I stole this idea from EDF. It’s actually pretty fun. You get to have a vote for who the biggest faggot of the current year is at the end of the year.


----------



## Null (Sep 27, 2018)

Would probably instigate infighting which I'm against. Internal harmony is really all we've got on a bad day.


----------



## SigSauer (Sep 27, 2018)

Null said:


> Would probably instigate infighting which I'm against. Internal harmony is really all we've got on a bad day.

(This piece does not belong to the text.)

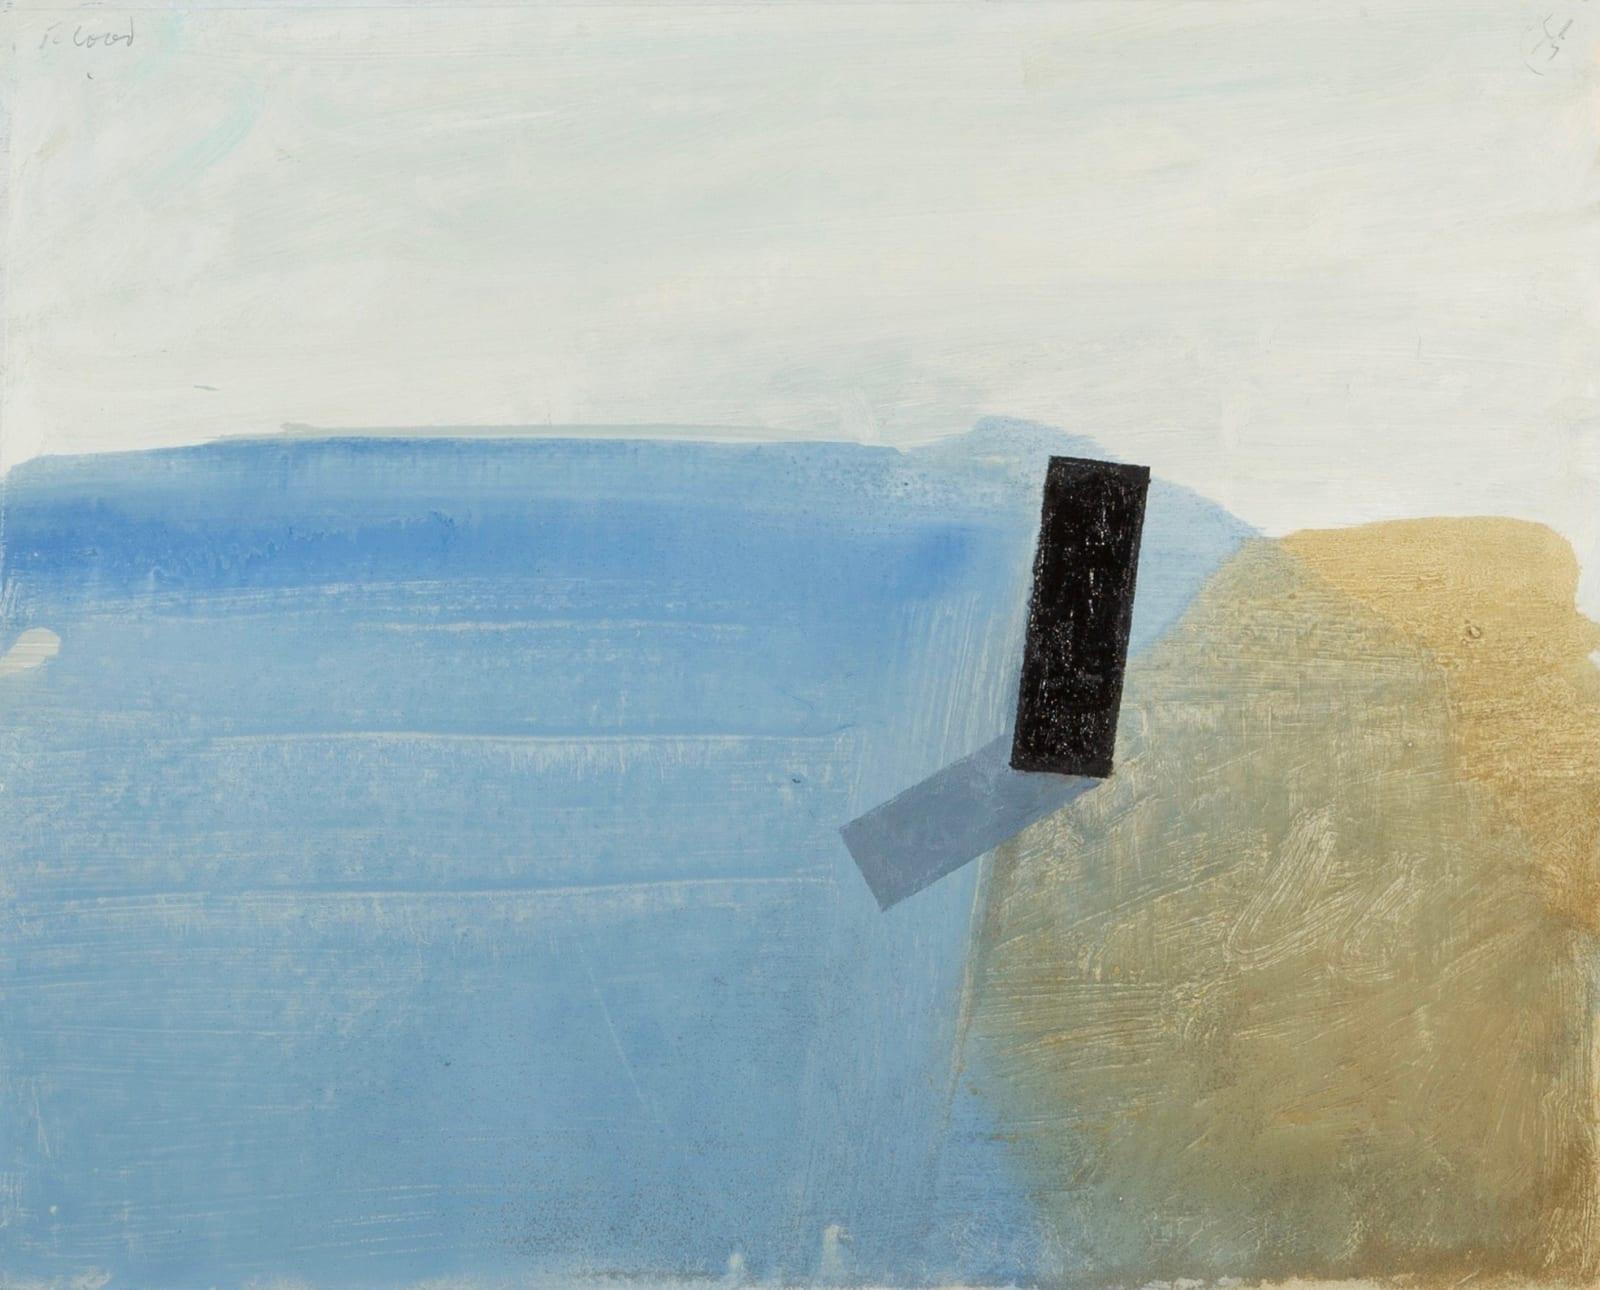 Öl und Sand auf Tafel „Flood“ Gemälde von Keith Purser, Gemälde, 2015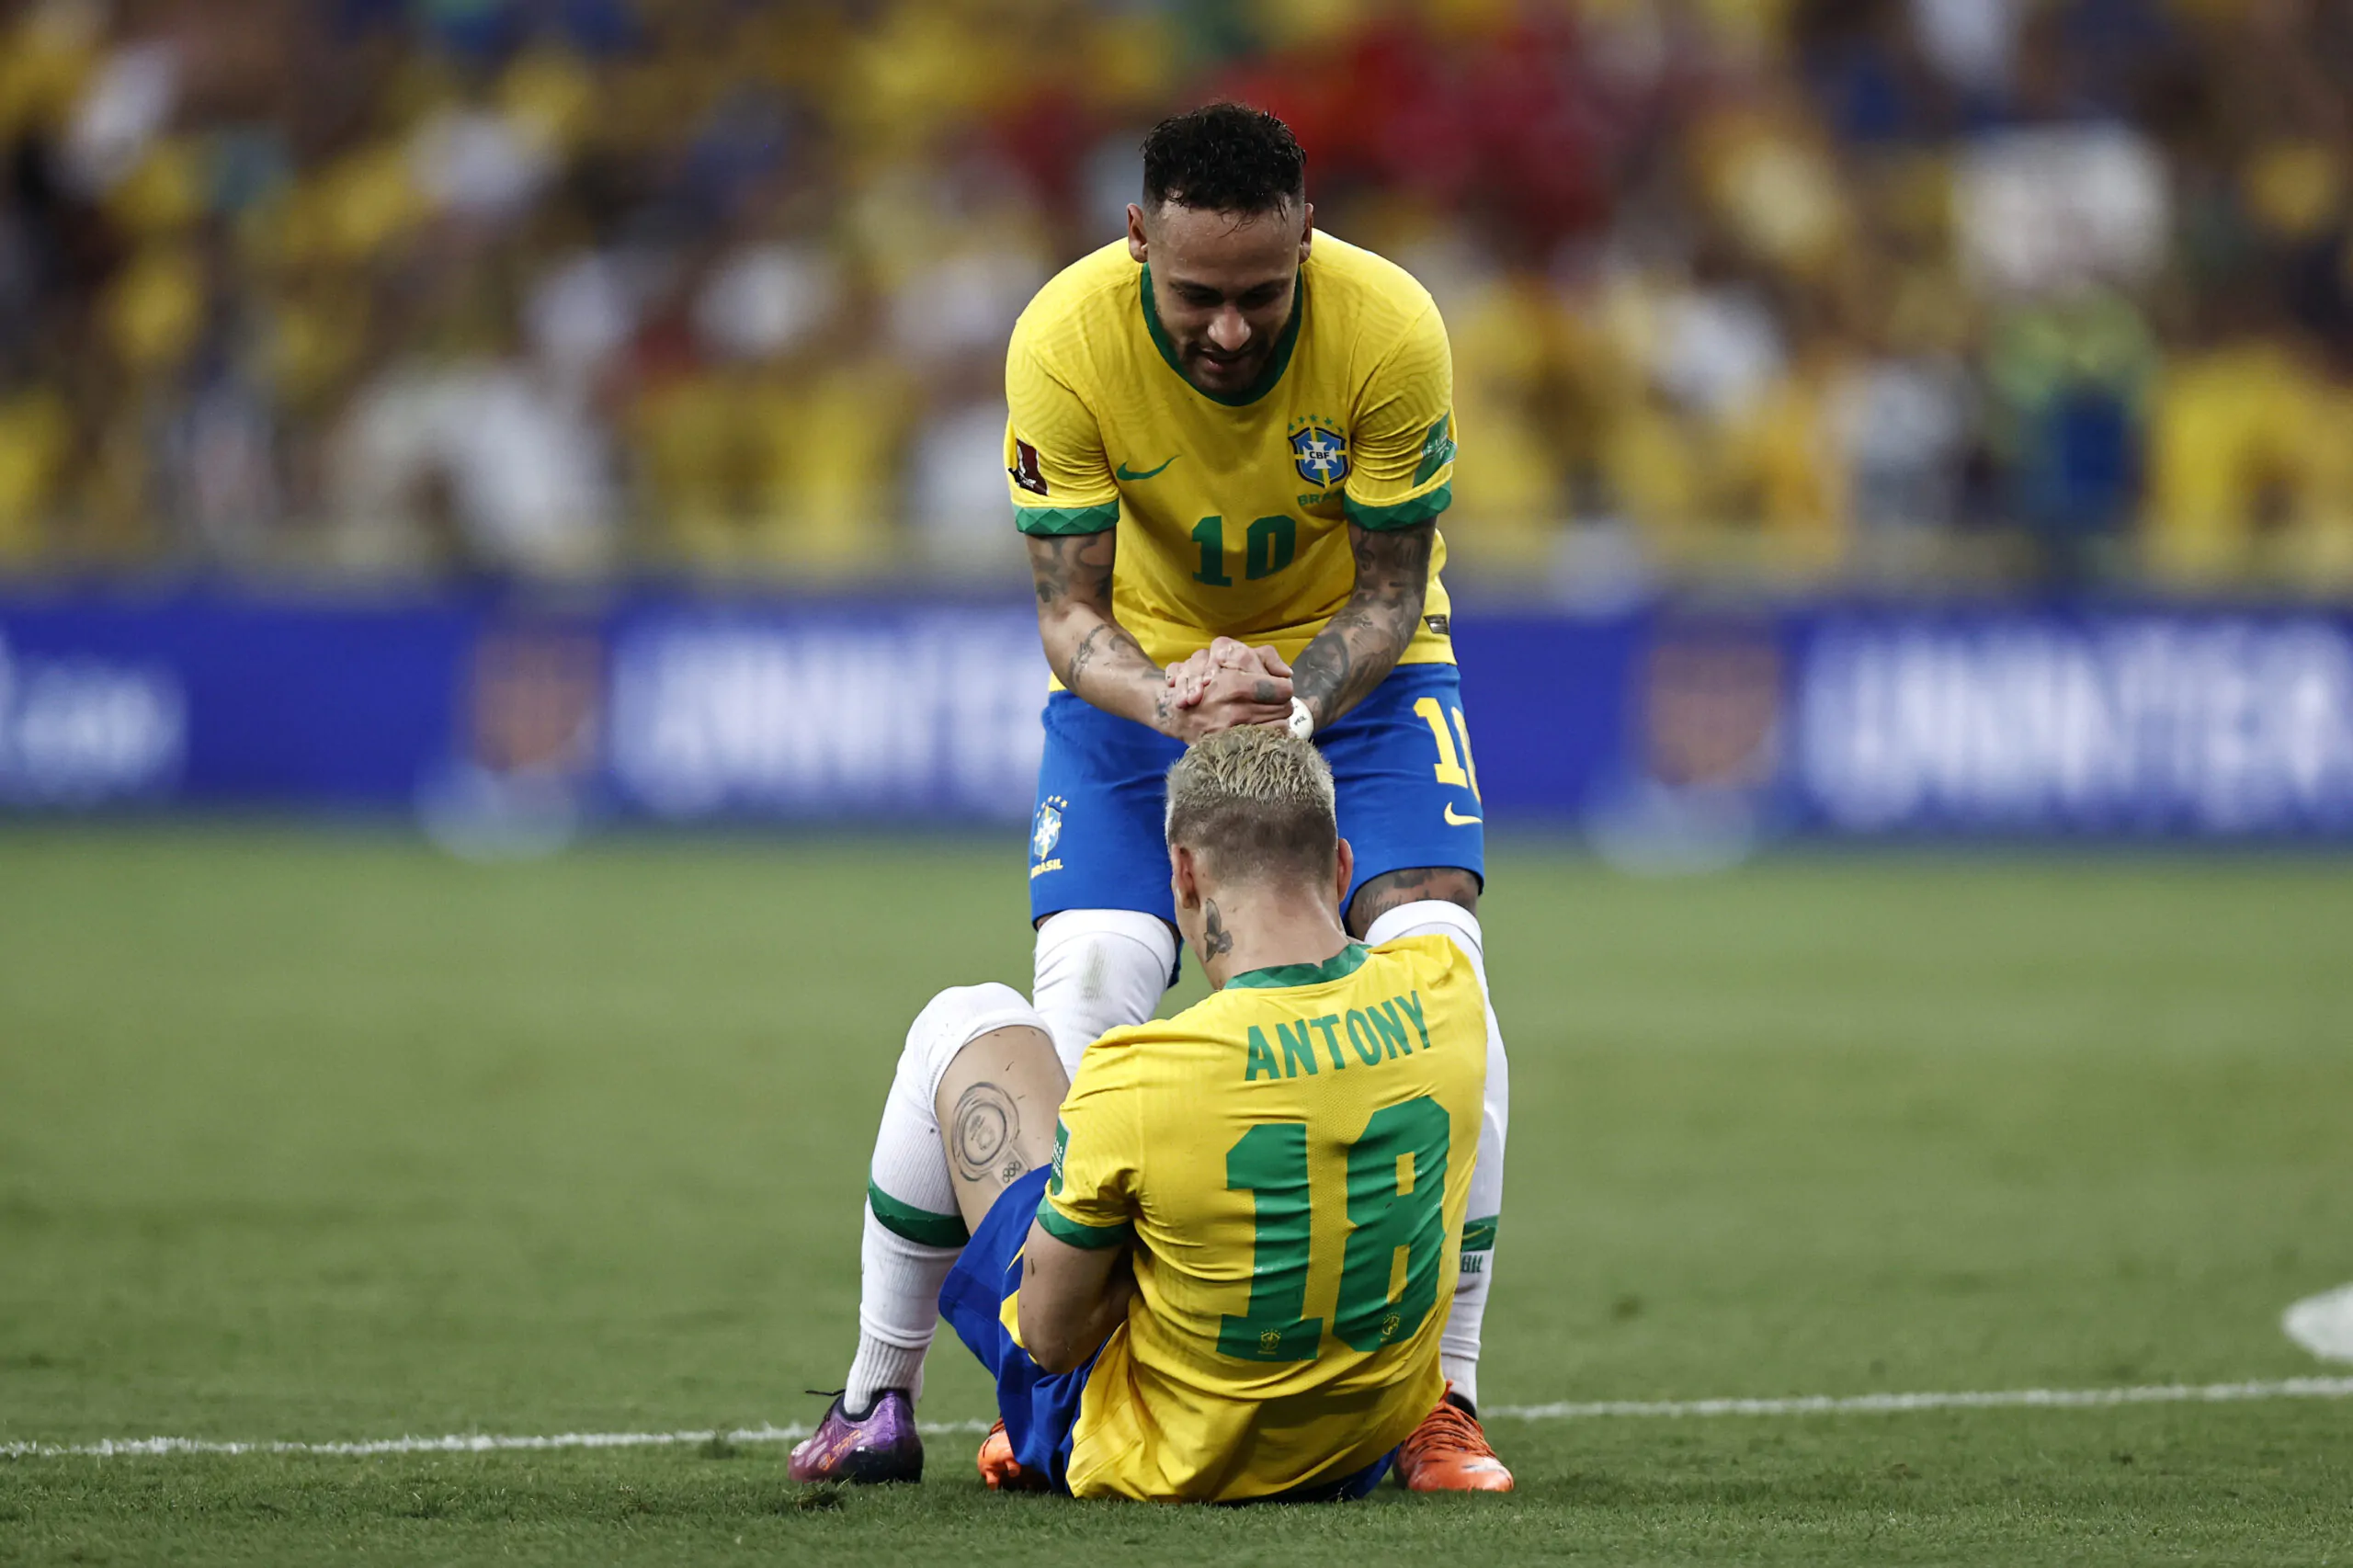 Neymar difende Antony dopo le critiche: “Non cambiare mai”

You mean between EDF and KF?


----------



## Null (Sep 27, 2018)

SigSauer said:


> You mean between EDF and KF?


No, internal as in within the community.


----------



## Nobunaga (Sep 27, 2018)

@Fagnasty would win every single year
It wouldnt be a fair competicion


----------



## whatever I feel like (Sep 27, 2018)

Bring back the Julays instead.


----------



## polonium (Sep 28, 2018)

Just get a trophy and engrave it with @bearycool and every year from now until the heat death of the universe.
There, I spared you the effort of holding a competition.


----------



## bearycool (Sep 28, 2018)

polonium said:


> Just get a trophy and engrave it with @bearycool and every year from now until the heat death of the universe.
> There, I spared you the effort of holding a competition.



There was one year on EDF I did almost get nominated 


the autist of dojima said:


> @Fagnasty would win every single year
> It wouldnt be a fair competicion



Lol, so basically Fagnasty and I would have an infinite duel till the end of time.


----------



## The Un-Clit (Sep 28, 2018)

bearycool said:


> There was one year on EDF I did almost get nominated
> 
> 
> Lol, so basically Fagnasty and I would have an infinite duel till the end of time.



moarlike infinite cockduel amirite?


----------



## uncleShitHeel (Oct 24, 2018)

Null said:


> Would probably instigate infighting which I'm against. Internal harmony is really all we've got on a bad day.



Like cigarettes and cheap scotch.


----------



## goku_black (Oct 31, 2018)

yes because i know that i win it every year.


----------



## Burgers in the ass (Nov 7, 2018)

goku_black said:


> yes because i know that i win it every year.


Fuck off straight


----------



## BeanBidan (Nov 7, 2018)

I nominate Bryan.


----------



## oddish (Nov 11, 2018)

hey now!


----------



## The Un-Clit (Nov 14, 2018)

The Un-Clit said:


> moarlike infinite cockduel amirite?




Holy shit, I literally have no memory of posting this.

A good argument to start laying off the liquor before hitting Teh Farms I guess.


----------



## CephalopodEnthusiast (Nov 14, 2018)

Depends on who you nominate.


----------